2008 - I'm Just Here to Learn

me reading university
 

The furthest back I'm willing to go on this page is my university days. I studied Robotics at the University of Reading because I wanted a mixture of Electronic and Software Engineering, and also robots are cool. I was not a complex person. The degree was pretty good in that it kept me engaged with lots of practical work and gave me a good entry into lots of engineering disciplines.

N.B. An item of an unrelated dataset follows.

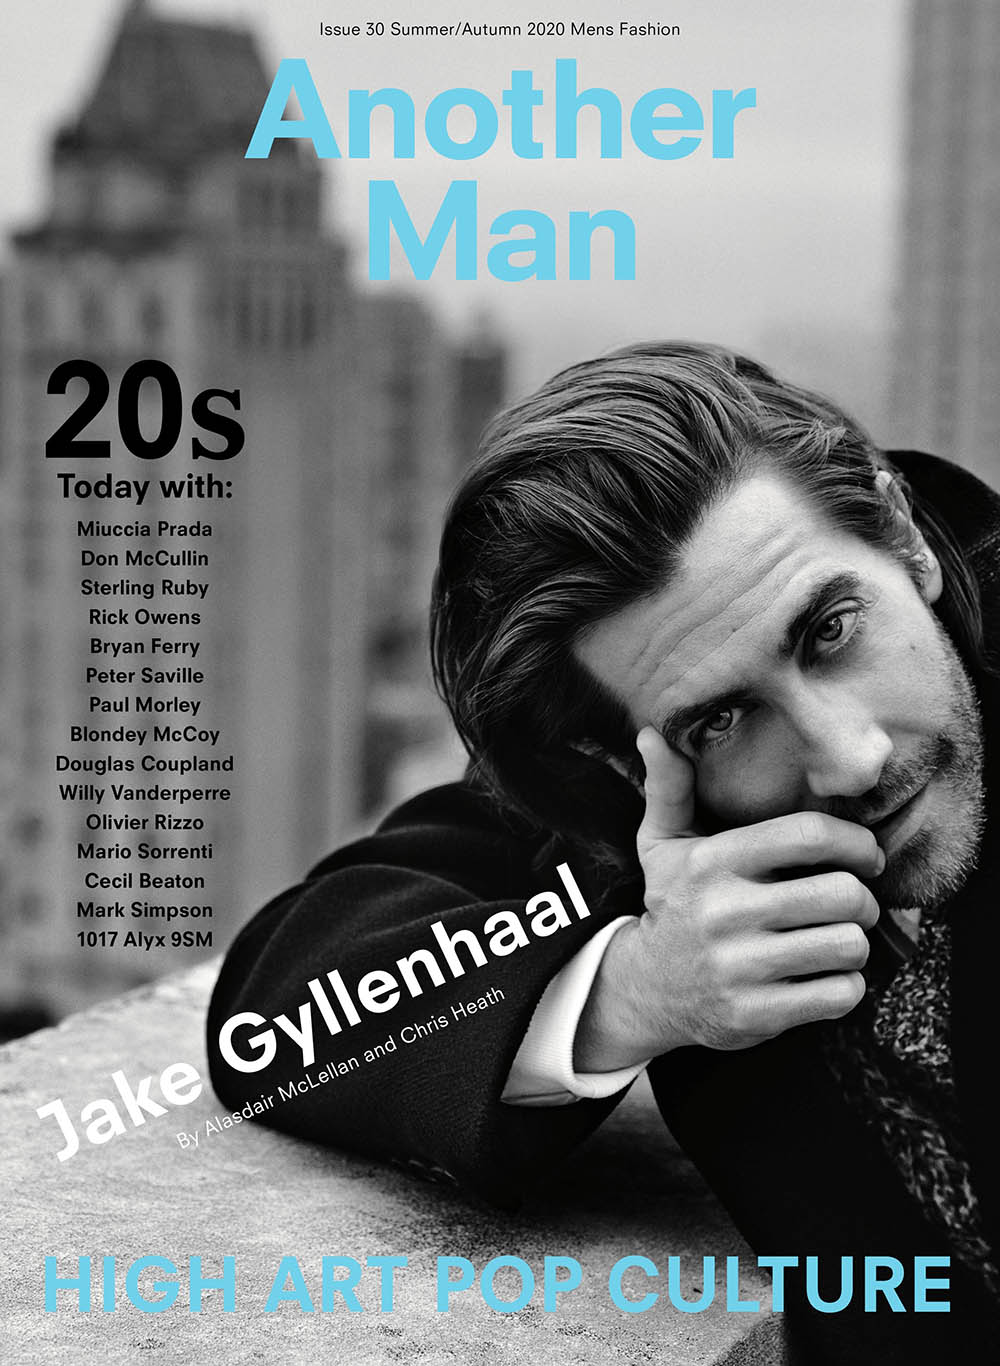 Jake Gyllenhaal covers AnOther Man Summer Autumn 2020 by Alasdair McLellan

However, one concern that I felt towards the end was that having a jack-of-all-trades degree made me less qualified for an entry level job than my peers, since there aren't many jobs that would actually mix all of those disciplines into a single role. The reality, as I found much later, was that any degree is equally unable to make you feel qualified for a job you've never had. In fact, having a job often isn't enough to make you feel qualified for that job.

I came very close to being trapped in academia as my third year dissertation resulted in a published paper, or two. I was offered a PhD position provided I could secure the funding, which I felt was the perfect substitution for the terrifying ordeal of having to look for a real job.

Luckily I was terrible at fundraising as I also hated it. I didn't feel particularly conflicted when, after a stressful summer of cold emails and dead ends, I dropped the pursuit and looked for jobs in anything I could find local to Reading, Berkshire.